Module 3: Lazy Iteration and Streaming¶
Progression Note¶
By the end of Module 3, you will master lazy generators, itertools mastery, and streaming pipelines that never materialize unnecessary data. This prepares you for safe recursion and error handling in streams (Module 4).

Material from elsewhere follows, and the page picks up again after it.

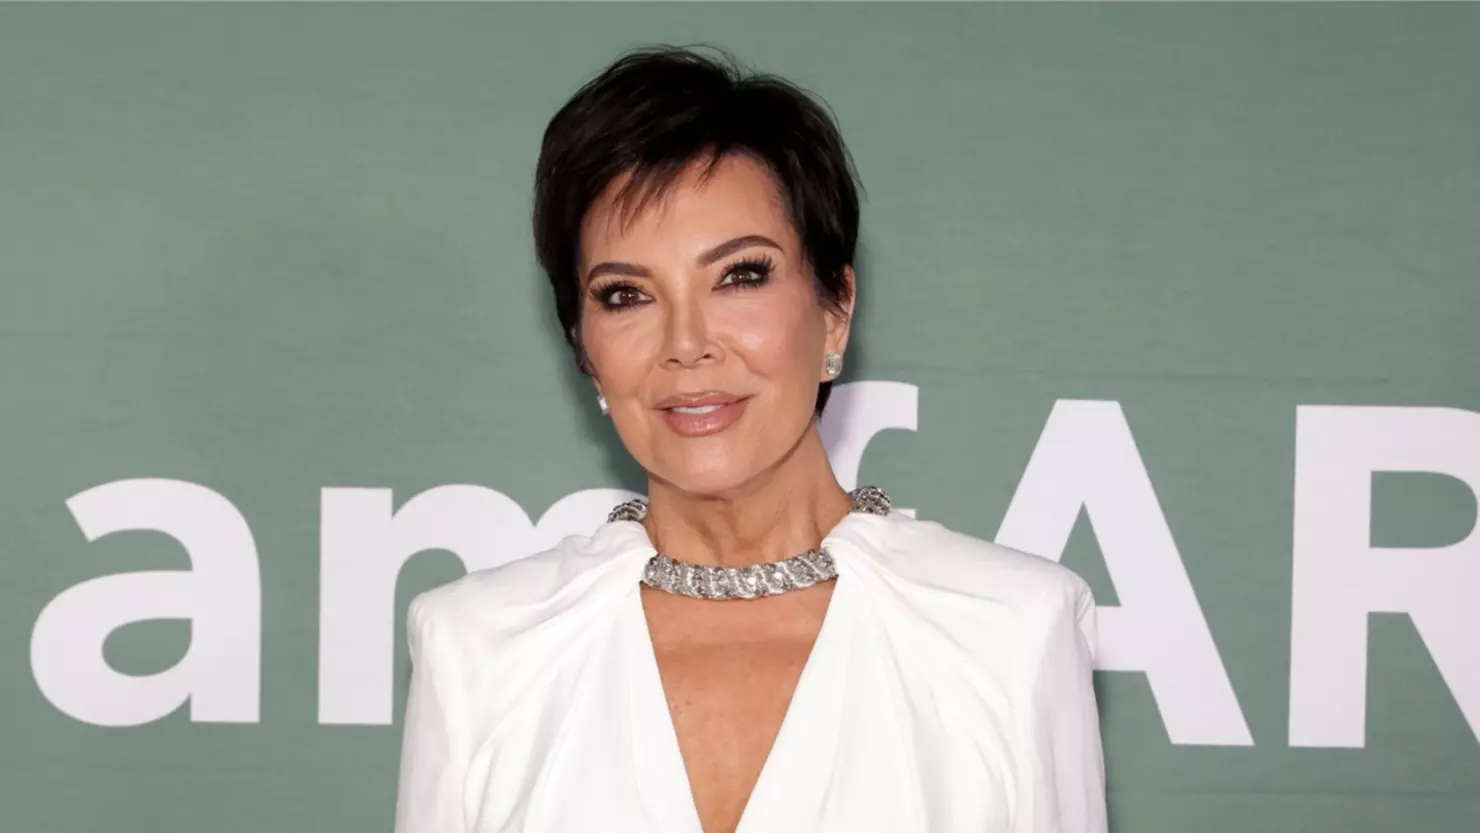 kris-jenner-disclosed-her-health-scare-during-the-trailer-of-the-kardashians-season-5

See the series progression map in the repo root for full details.
Here's a snippet from the progression map:
| Module | Focus | Key Outcomes |
|---|---|---|
| 2 | First-Class Functions & Expressive Python | Configurable pure pipelines without globals |
| 3 | Lazy Iteration & Generators | Memory-efficient streaming, itertools mastery, short-circuiting |
| 4 | Recursion & Error Handling in Streams | Safe recursion, Result/Option, streaming errors |
M03C04: Chunking, Windowing, Grouping – Streaming Aggregations¶
Core question:
How do you implement lazy chunking, sliding windows, and contiguous grouping in streaming pipelines to perform aggregations without materializing full collections, while preserving order and coverage?
This core builds on Core 3's itertools composition by introducing the final classic patterns for streaming aggregations: - Fixed-size chunking with configurable overlap and tail policy. - Sliding windows with bounded deque auxiliary space. - Contiguous grouping with streaming per-group processing. - All purely lazy, with mathematically tight coverage and demand laws.

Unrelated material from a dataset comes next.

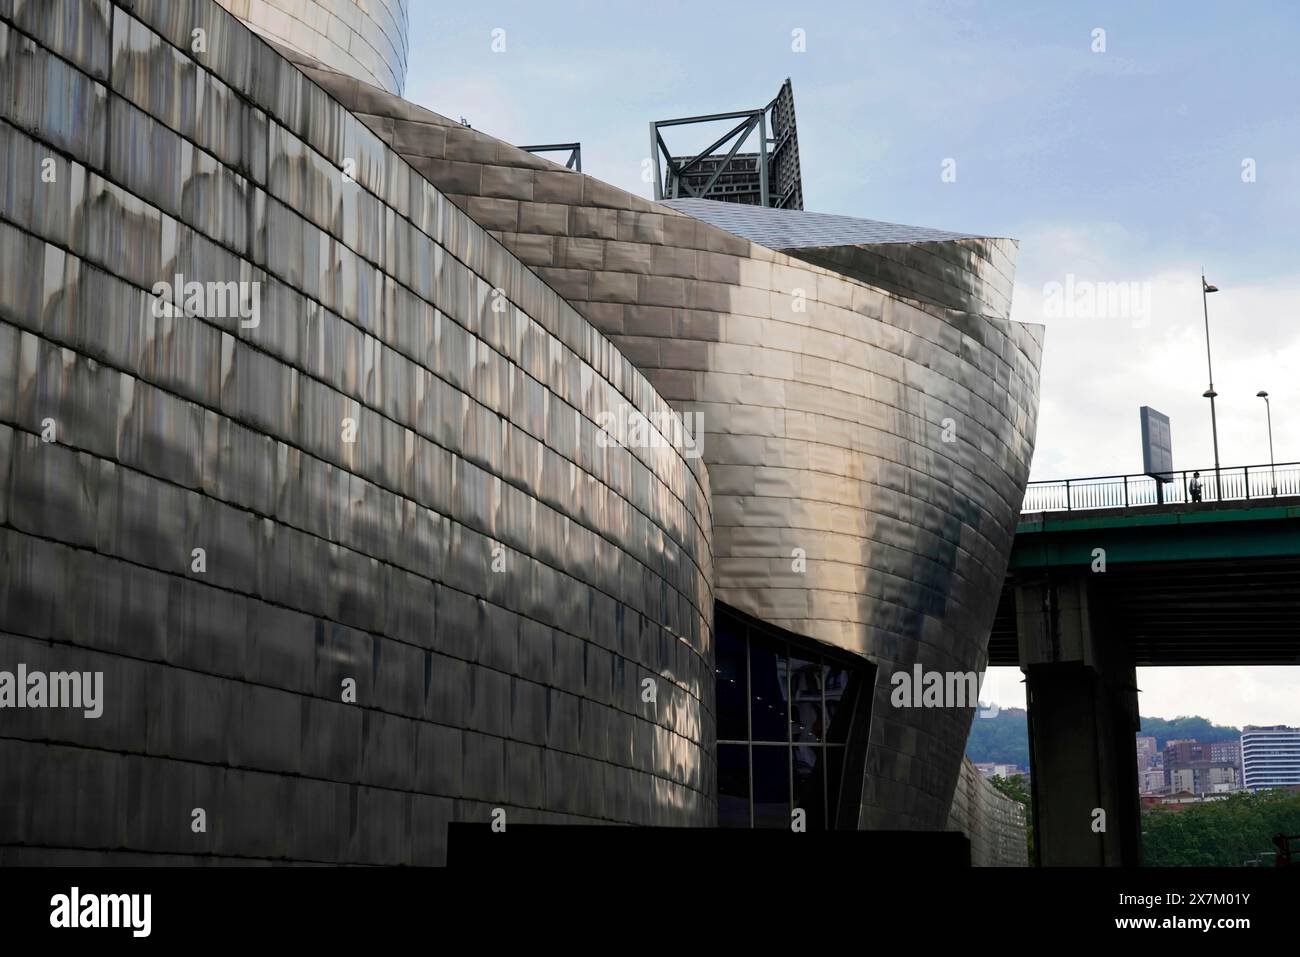 Guggenheim Museum Bilbao, Spain, Europe, Exterior view of a modern brushed steel building in an urban environment, Guggenheim Museum Bilbao on the Stock Photo

We continue the running project from m03-rag.md, now adding overlapping chunks (for better retrieval recall) and per-doc grouping (for future dedup/embedding stages).
Audience: Developers who have lazy pipelines but still materialise lists for chunking, windowing, or grouping — and pay the memory price.
Outcome:
1. Spot any for i in range(0, len(text), step): text[i:i+k] loop and instantly know you can make it lazy with overlap and tail handling.
2. Refactor it to a streaming generator in < 10 lines.
3. Write a Hypothesis property proving perfect reconstruction/coverage + exact demand bounds.
Laws (frozen, used across this core): - E1 — Equivalence: For any finite re-iterable sequence xs: list(pipe(xs)) == eager_equiv(list(xs)). - O1 — Global order: Output preserves input order (chunks/windows in appearance order). - O2 — Monotone per-key: Within each key/doc_id, chunk.start values are non-decreasing. - C1 — Coverage (chunking): - tail_policy="emit_short": perfect reconstruction possible (concat with overlap drop). - tail_policy="pad": perfect reconstruction possible after stripping "\0". - tail_policy="drop": reconstruction covers the maximal prefix obtainable by a first chunk of length k followed by zero or more steps of size (k−o); whenever chunks are emitted we have len(rec) = k + m·(k−o) and len(text) − len(rec) < (k−o).
- D1 — Demand-boundedness:
- Sliding windows (deque): producing n windows pulls ≤ n + (w-1) upstream elements.
- Chunking over indexable text: no upstream iterator pull; exactly one slice per emitted chunk.
- G1 — Groupby: Only valid if equal keys occur contiguously (by construction, not sorting).
1. Conceptual Foundation¶
1.1 The One-Sentence Rule¶
Implement chunking with fixed-step indexing, sliding windows with deque(maxlen=w), and grouping with groupby only on contiguous keys — never materialise the full collection for aggregation.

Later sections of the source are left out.